Preprocessing the Natural Questions dataset for RAG training
Now that you have a knowledge base in Milvus, the next step is to prepare the training dataset for fine-tuning. We will use Google's Natural Questions dataset, which is derived from Wikipedia. This dataset offers both short and long answers for each question, but we only need the short answers. First, we'll filter the dataset to include only questions with short answers.
Next, because our knowledge base uses only 5% of the Wikipedia dataset, you must confirm that the knowledge base can answer the questions in your preprocessed dataset. To do this, perform an intersection check between the training dataset and the knowledge base using the is_question_answerable() function. This function retrieves relevant passages and validates whether the retrieved context contains the expected answer. This small-scale fine-tuning example uses 3,000 training samples and 300 evaluation samples.
Understanding the dual tokenization strategy
The following code demonstrates how to tokenize the question and answer:
# Tokenize question (uses facebook dpr encoder model)
tokenized_question = question_encoder_tokenizer(
question_text,
truncation=True,
max_length=32,
padding="max_length",
)
# Tokenize answer (uses facebook bart model)
tokenized_answer_for_labels = generator_tokenizer(
text_target=answer_text,
truncation=True,
max_length=32,
padding="max_length",
)RAG preprocessing requires you to handle the dual tokenization requirements inherent to the RAG architecture. Unlike traditional language models that use a single tokenizer, RAG models use a dual-encoder approach. This separates retrieval and generation tasks, and each requires specialized tokenization:
- Question tokenization (DPR question encoder): We use facebook/dpr-question_encoder-single-nq-base to tokenize questions because it's optimized for retrieval tasks. This encoder was trained with contrastive learning to create embeddings that excel at finding semantically similar passages in the knowledge base. The tokenization strategy helps the model distinguish between relevant and irrelevant documents during similarity search.

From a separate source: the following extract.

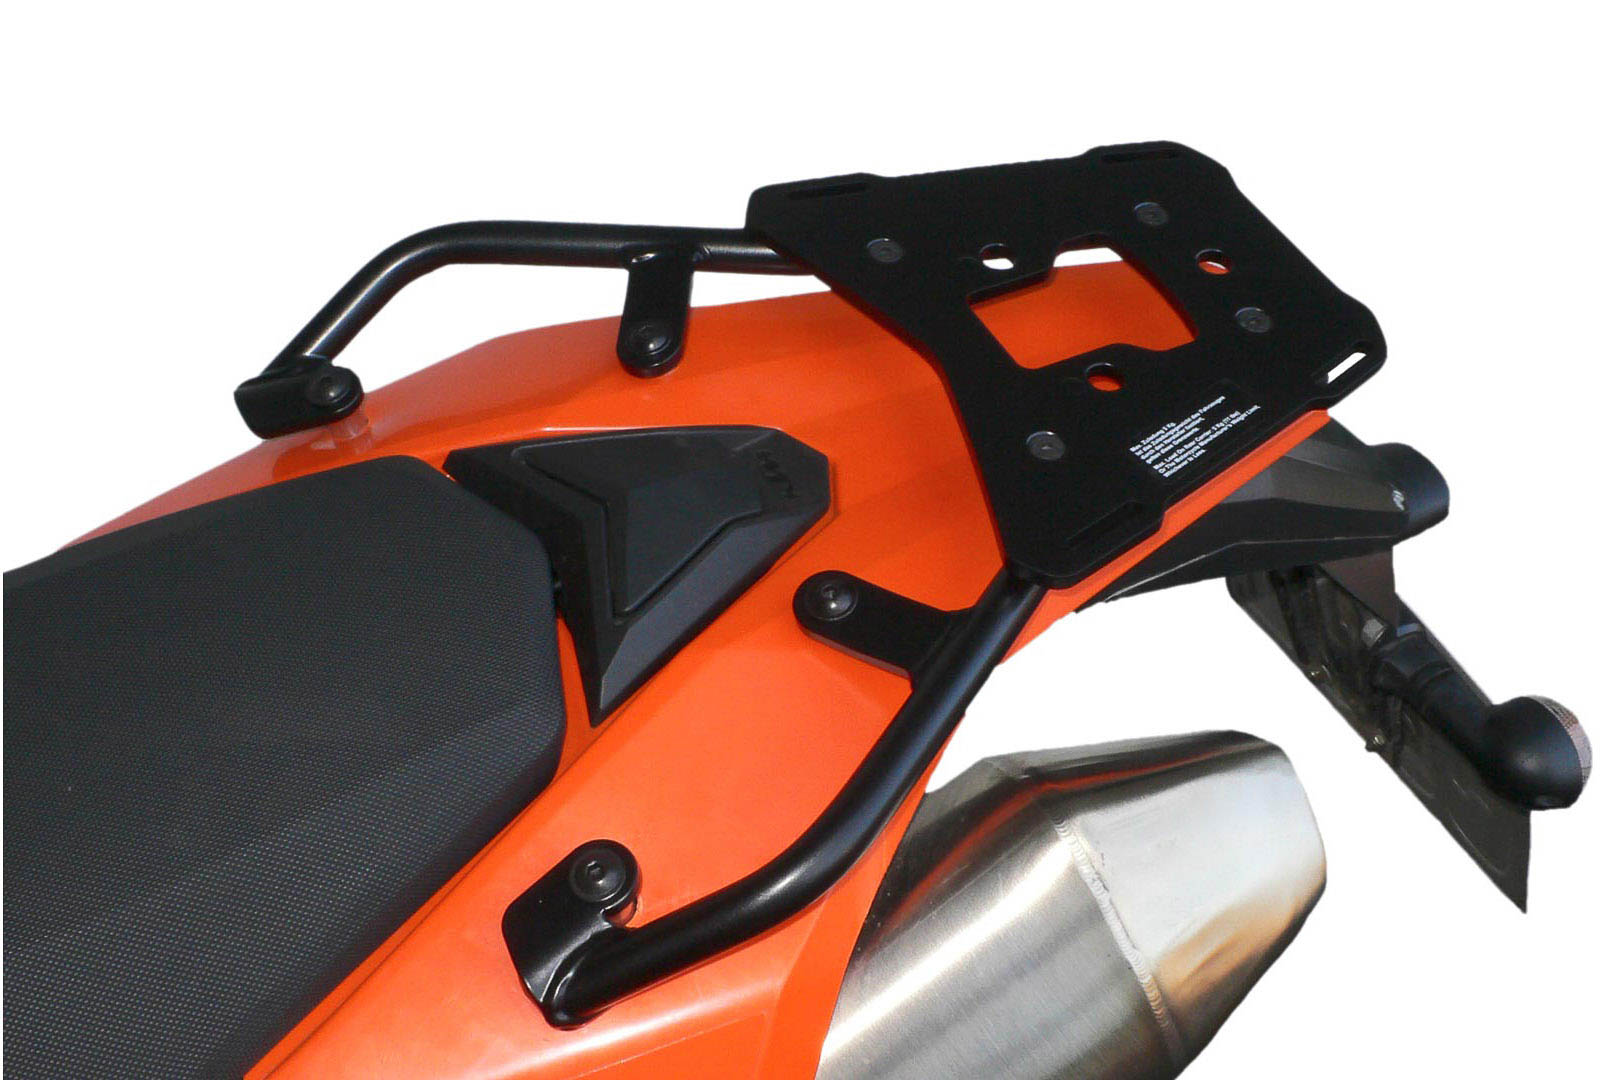 SW-Motech Alu-Rack peräteline KTM LC4 690 Enduro musta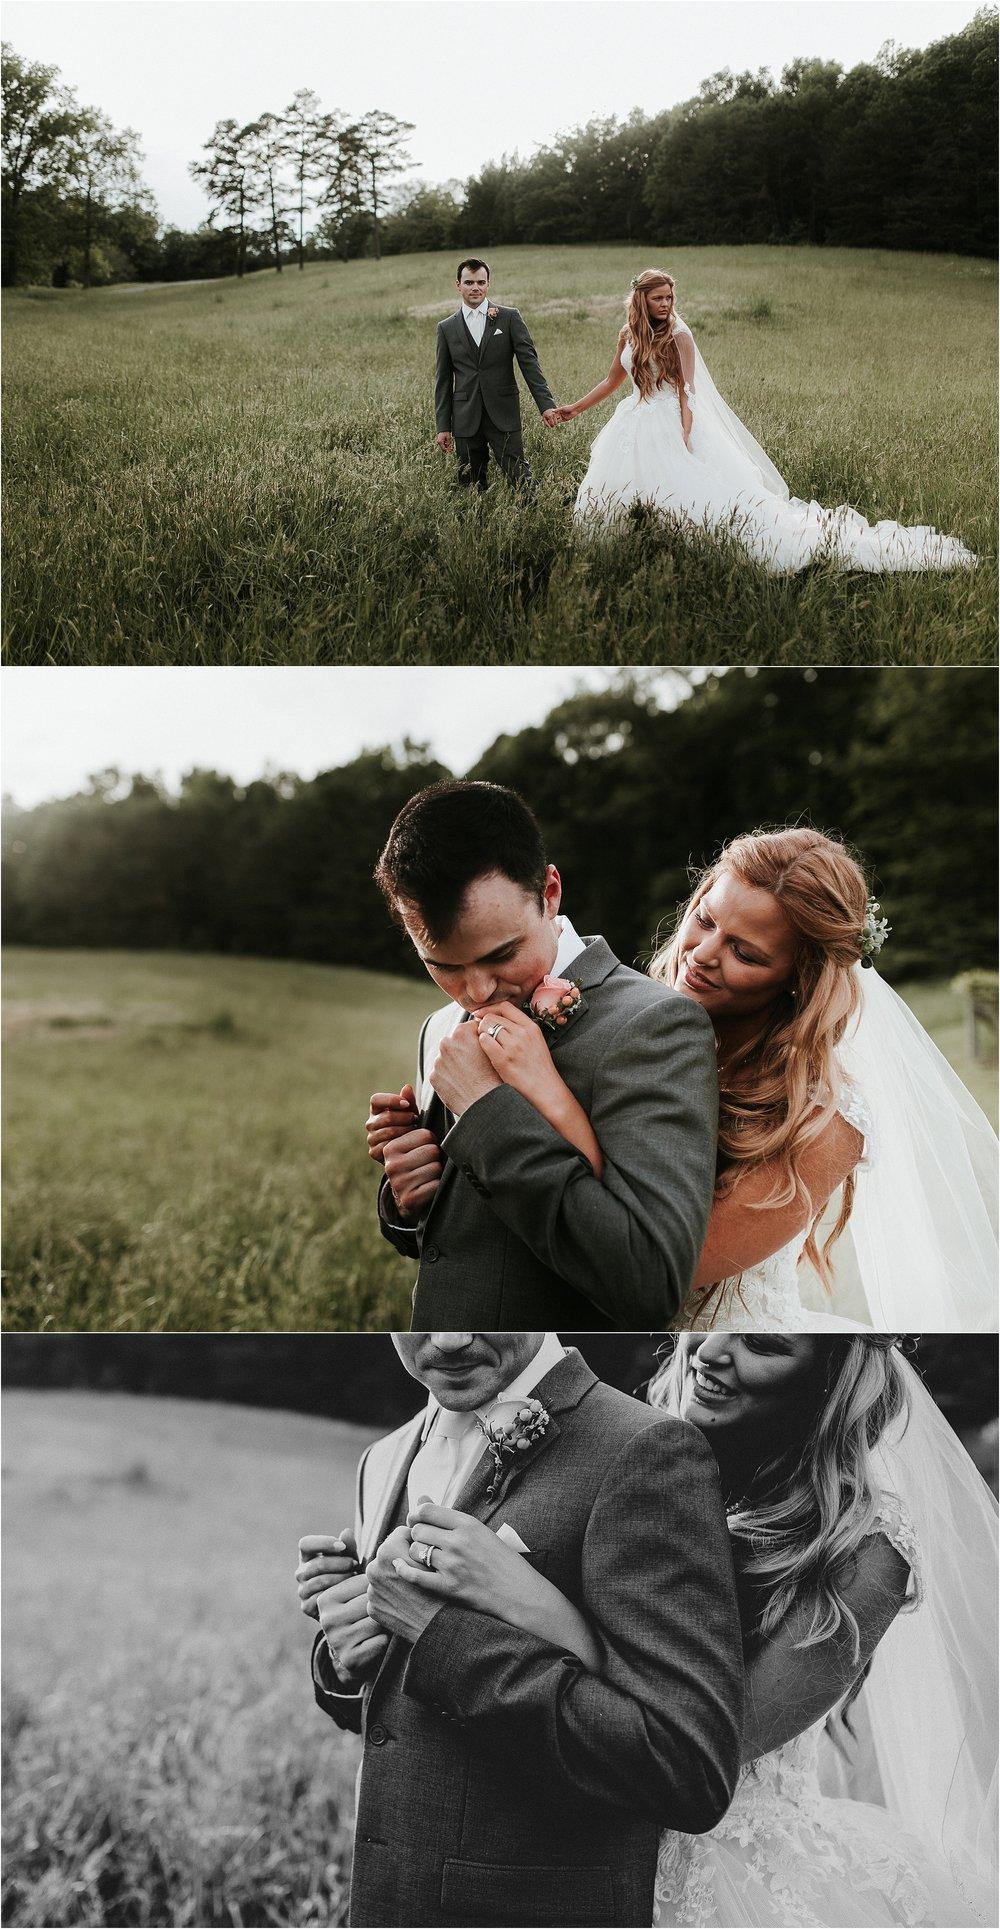 Carolina-Country-Weddings-Mount-Pleasant-nc-138.jpg

- Answer tokenization (generator model): For answers, we use the generator tokenizer facebook/bart-large because it's designed for sequence-to-sequence text generation. This tokenizer structures tokens to produce coherent responses and handles the formatting required for generative tasks.
After you preprocess and save the dataset, run a validation check to verify that the dataset questions and answers are tokenized and structured correctly.
Fine-tuning the RAG model
This cell implements the core training pipeline where we create and fine-tune a complete RAG model using RagSequenceForGeneration with the custom FeastRAGRetriever. This is the main part of the implementation, where you optimize the retrieval and generation components together.
Integration with Custom FeastRAGRetriever
The training integrates the custom retriever:
# Initialize custom RAG retriever for training
rag_retriever = FeastRAGRetriever(
question_encoder_tokenizer=question_encoder_tokenizer,
generator_tokenizer=generator_tokenizer,
question_encoder=question_encoder_model,
generator_model=generator_model,
feast_repo_path="/mnt/shared/kfto-sft-feast-rag/feature_repo",
feature_view=wiki_passage_feature_view,
features=features_to_retrieve,
search_type="vector",
config=rag_config,
index=feast_index,
)Training integration: During training, the RAG model calls the retriever for each question. The retriever queries Feast and Milvus to get relevant passages. The generator uses these passages to produce answers, and gradients flow back through both components.
Dynamic retrieval: Unlike static approaches, this enables the question encoder to learn better query representations based on what actually helps the generator produce correct answers.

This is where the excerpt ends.